[SUPPLIED RECORDS — start]
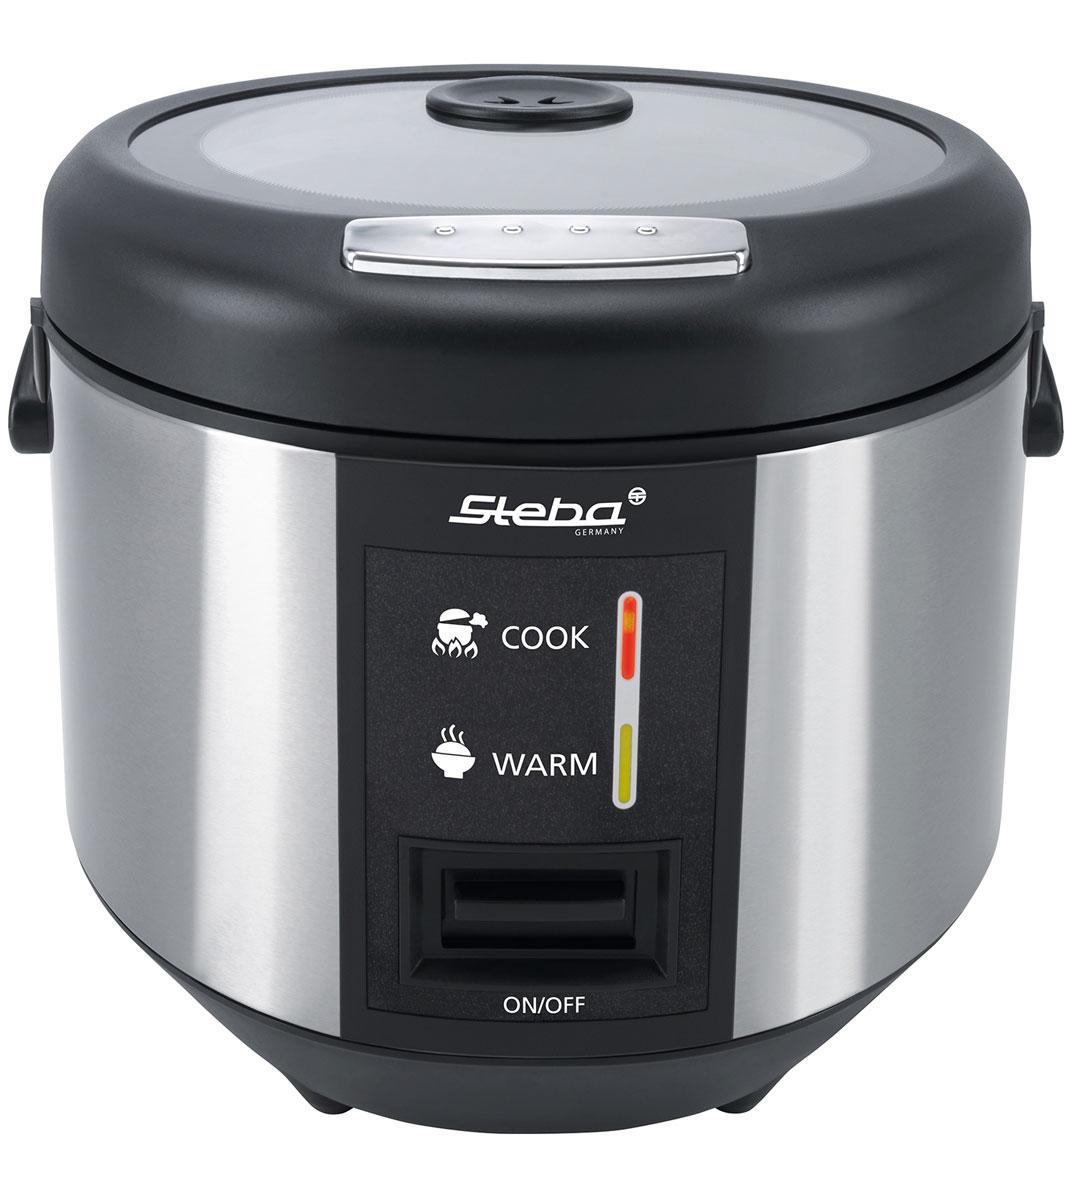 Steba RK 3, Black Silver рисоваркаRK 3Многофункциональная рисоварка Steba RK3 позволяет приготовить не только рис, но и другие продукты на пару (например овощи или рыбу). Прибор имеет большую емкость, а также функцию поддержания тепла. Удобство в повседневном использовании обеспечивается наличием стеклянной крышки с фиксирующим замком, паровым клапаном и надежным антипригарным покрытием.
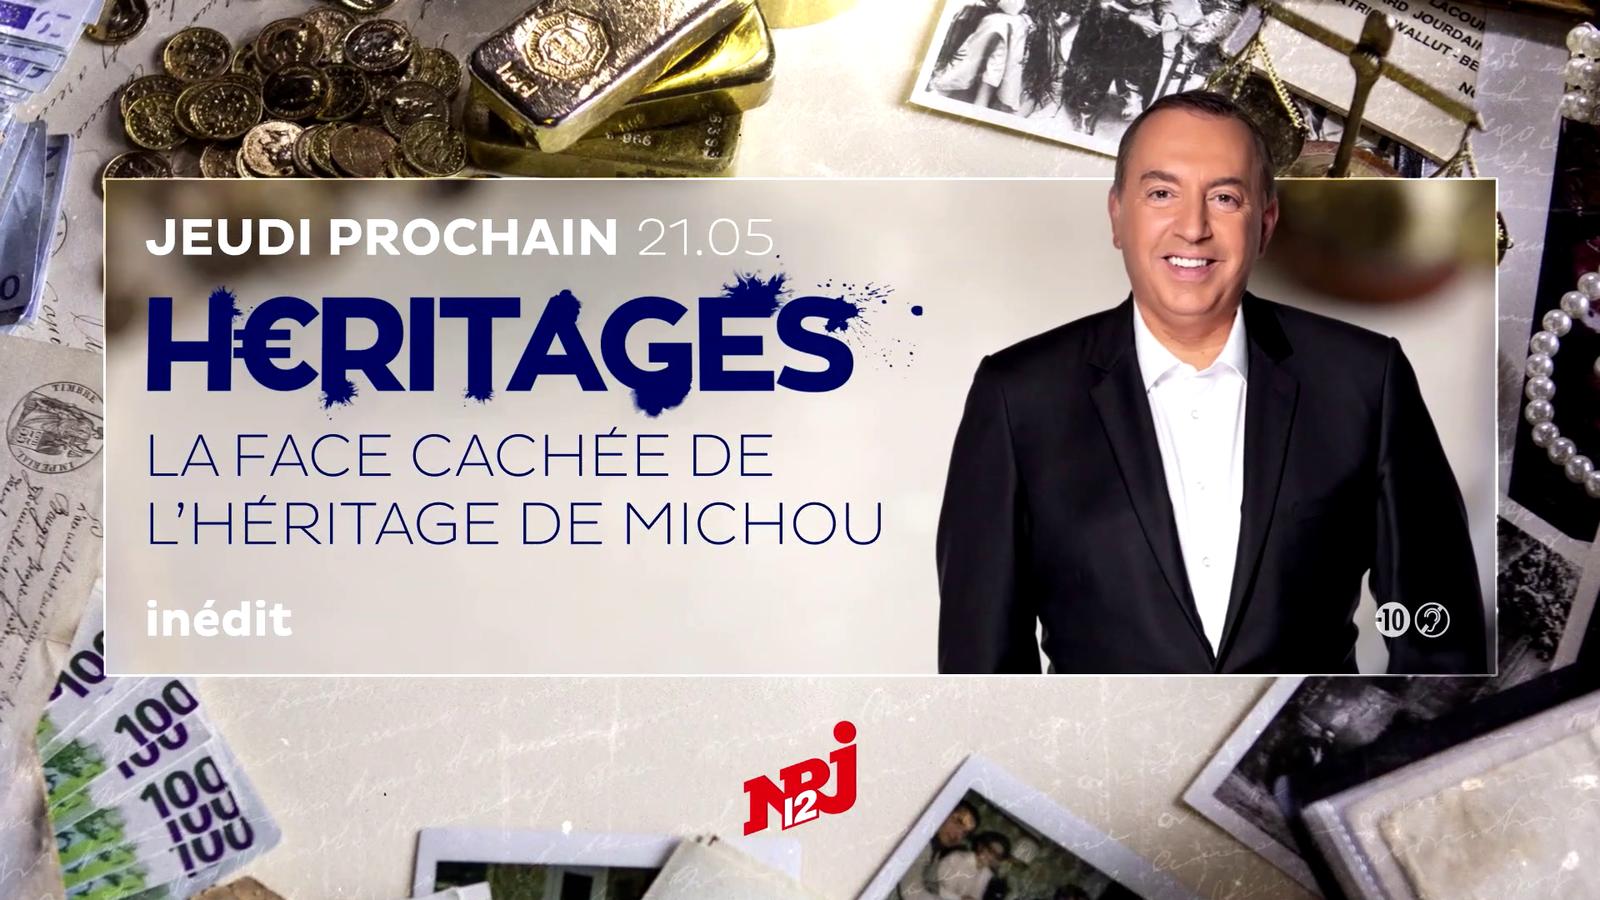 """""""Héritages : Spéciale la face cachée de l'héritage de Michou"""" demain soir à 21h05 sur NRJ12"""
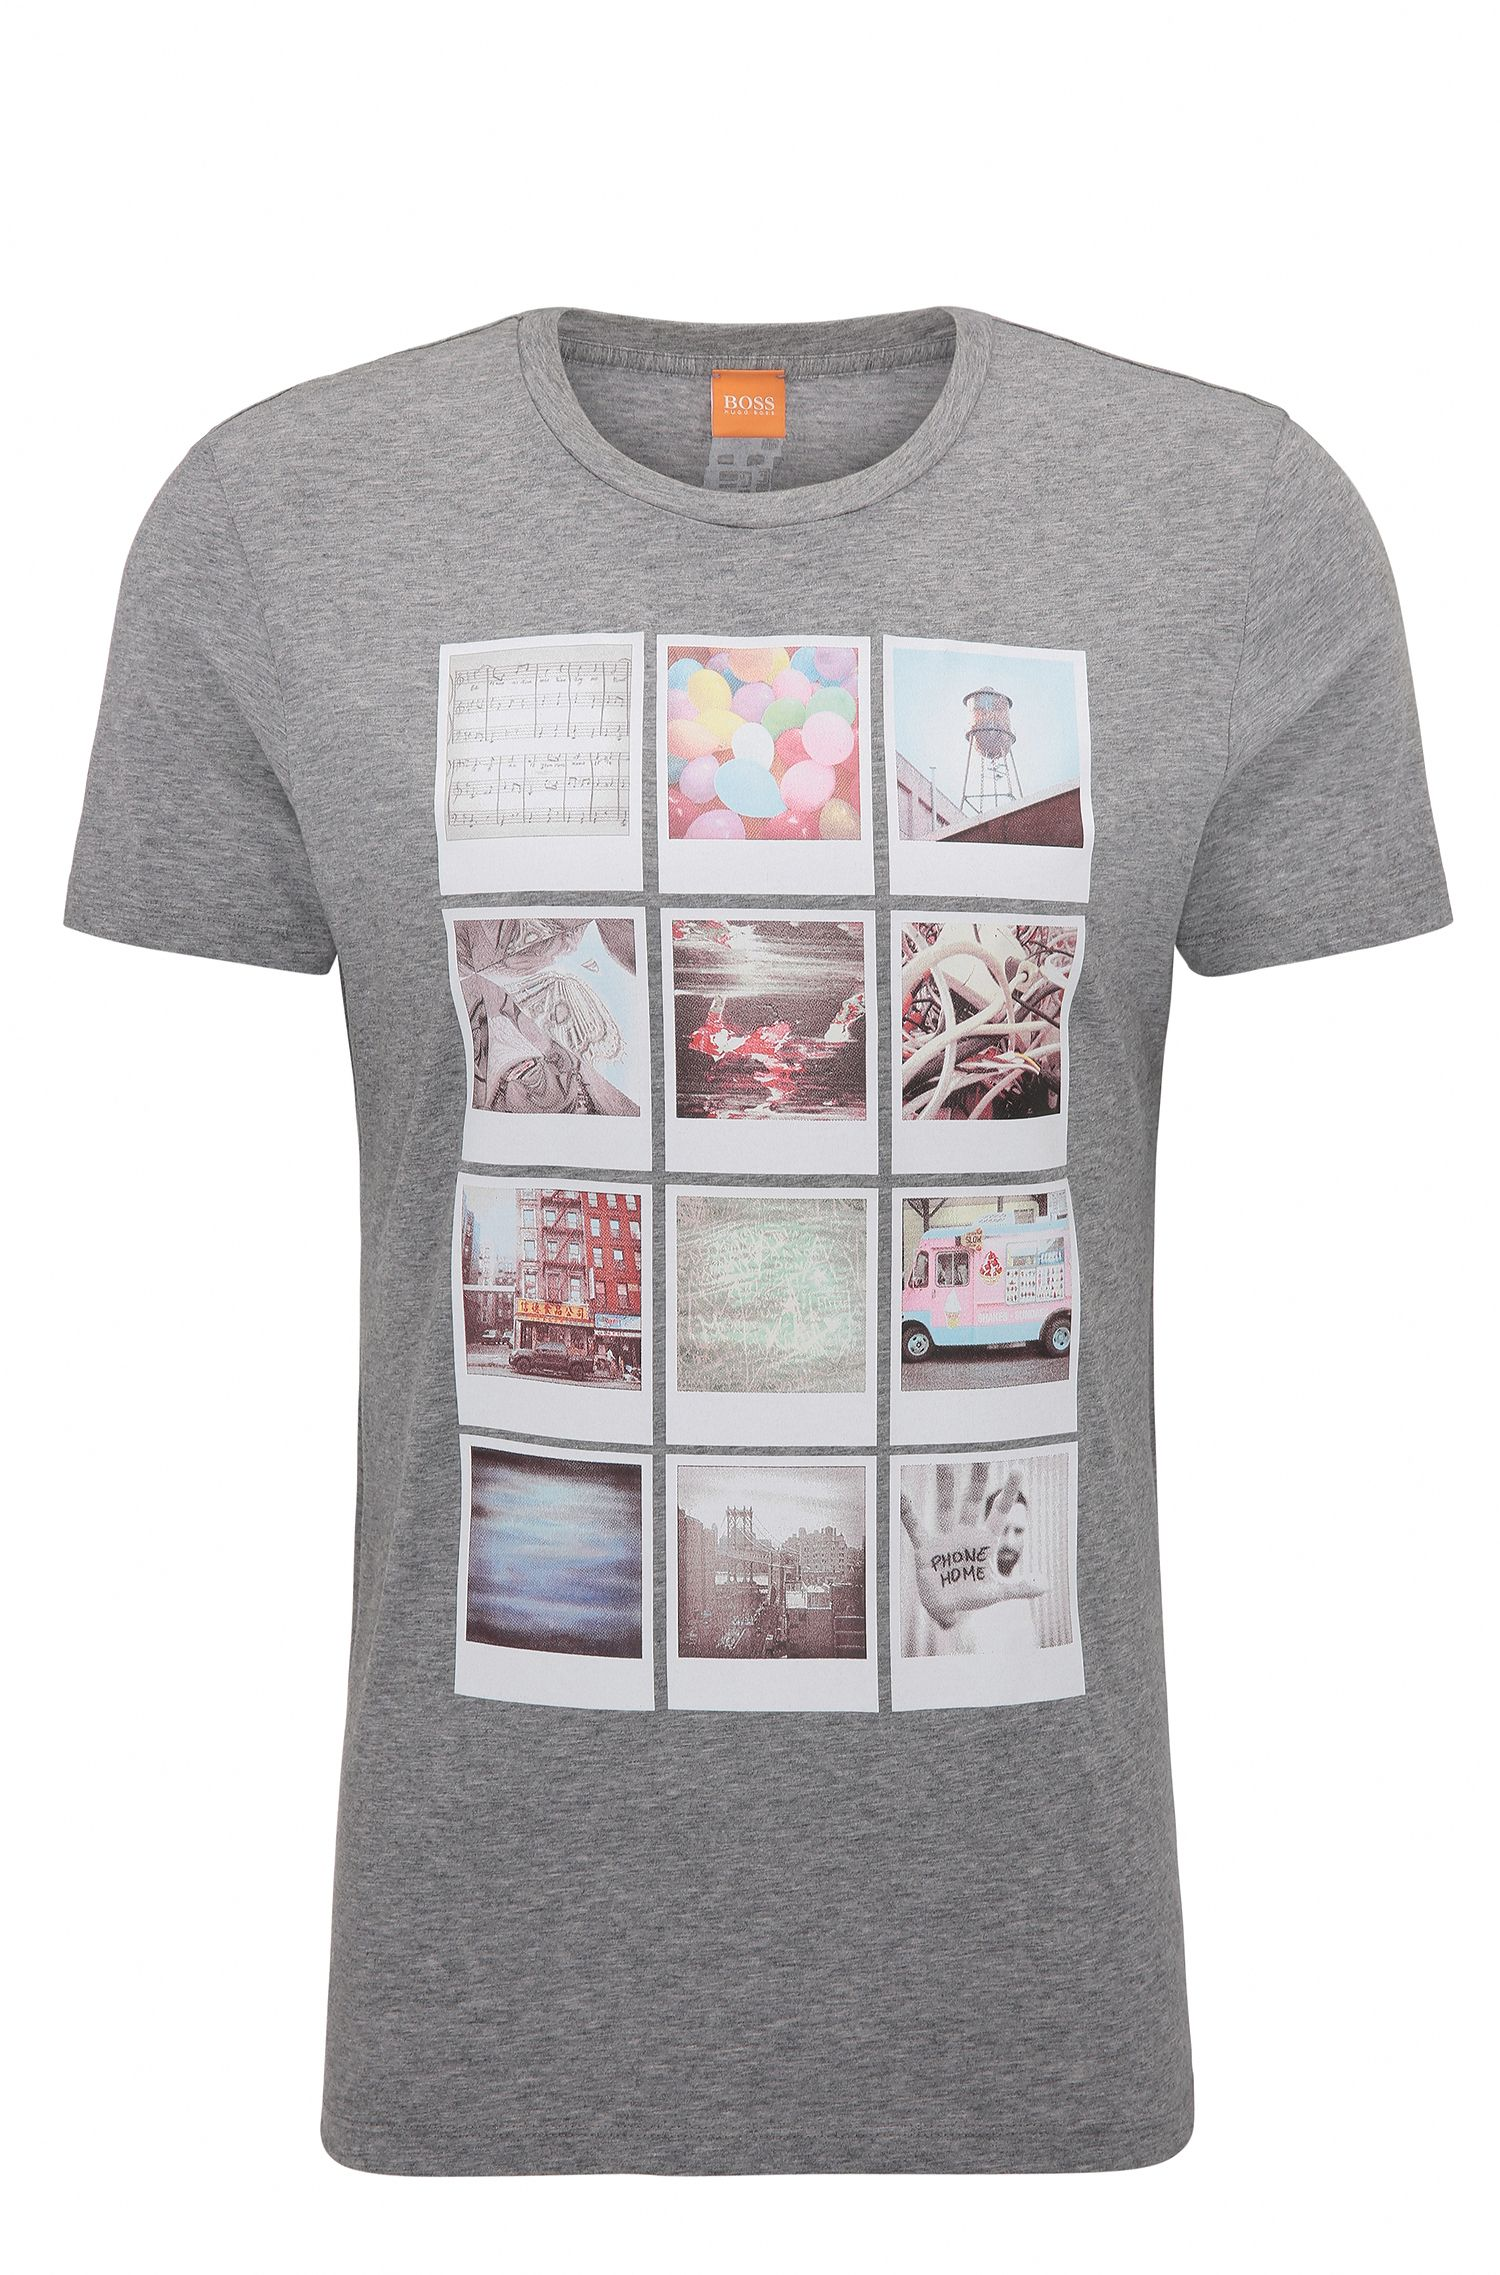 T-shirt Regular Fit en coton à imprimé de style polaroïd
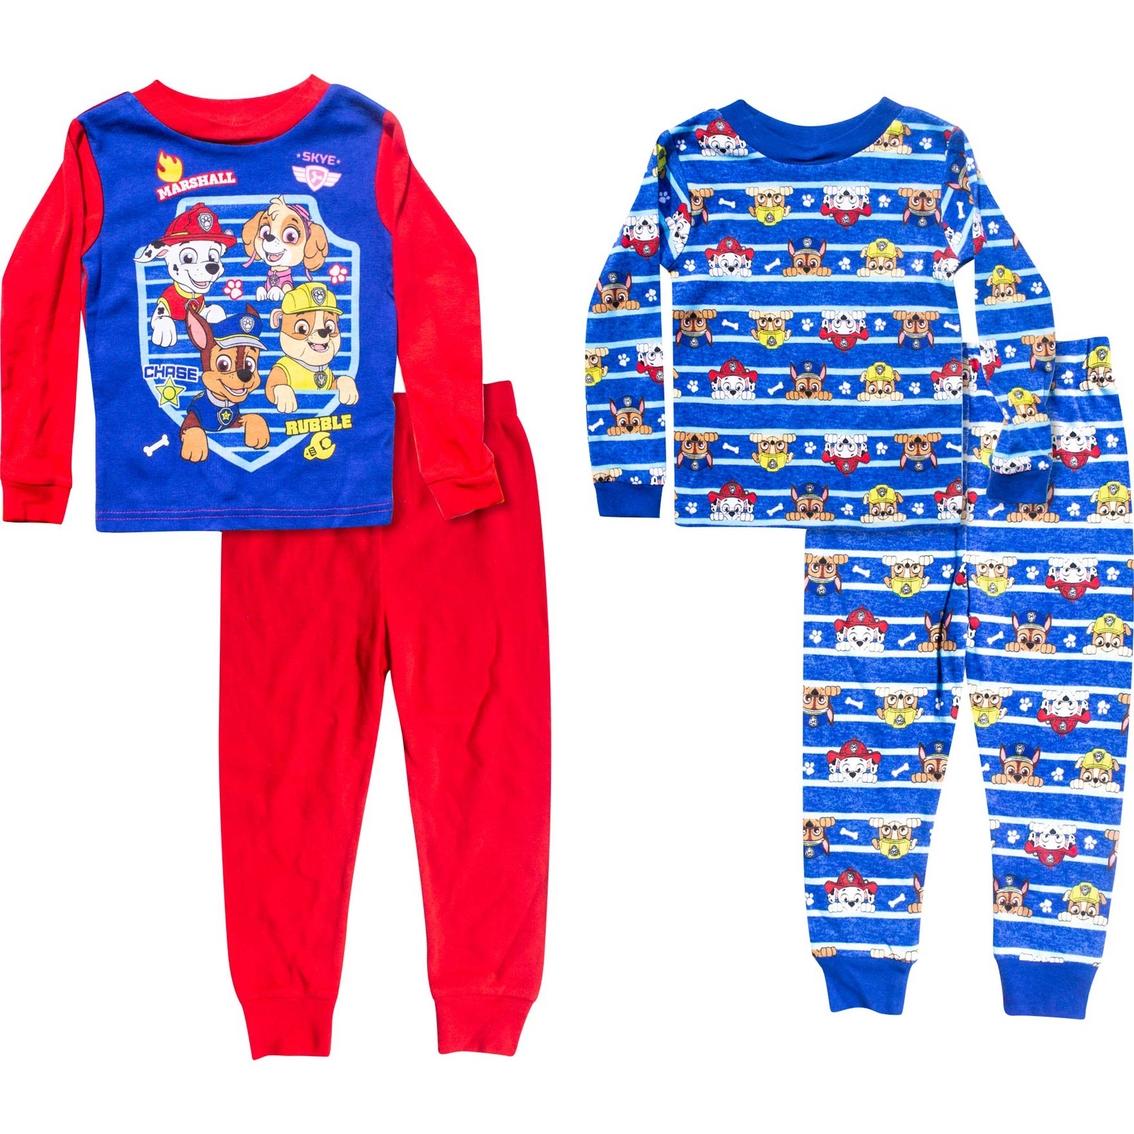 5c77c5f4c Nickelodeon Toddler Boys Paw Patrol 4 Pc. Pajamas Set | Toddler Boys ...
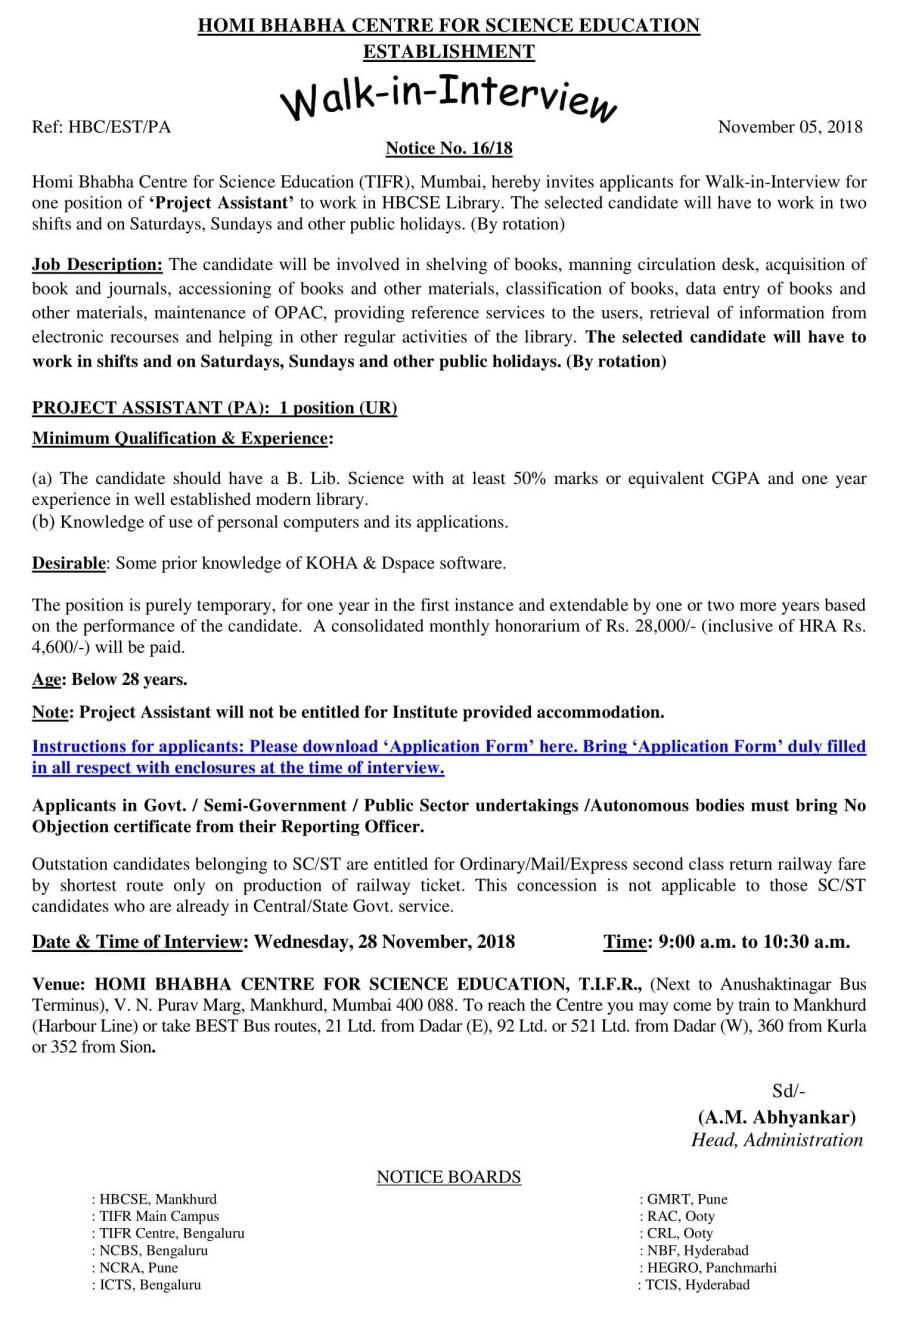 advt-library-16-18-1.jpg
[SUPPLIED RECORDS — finish]
[WHAT THE EXERCISE ASKS]
Please restate the data word for word, leaving out any picture it holds.

[SOLUTION FOR THIS EXERCISE]
 Steba RK 3, Black Silver рисоваркаRK 3Многофункциональная рисоварка Steba RK3 позволяет приготовить не только рис, но и другие продукты на пару (например овощи или рыбу). Прибор имеет большую емкость, а также функцию поддержания тепла. Удобство в повседневном использовании обеспечивается наличием стеклянной крышки с фиксирующим замком, паровым клапаном и надежным антипригарным покрытием.
 """""""Héritages : Spéciale la face cachée de l'héritage de Michou"""" demain soir à 21h05 sur NRJ12"""
 T-shirt Regular Fit en coton à imprimé de style polaroïd
 5c77c5f4c Nickelodeon Toddler Boys Paw Patrol 4 Pc. Pajamas Set | Toddler Boys ...
 advt-library-16-18-1.jpg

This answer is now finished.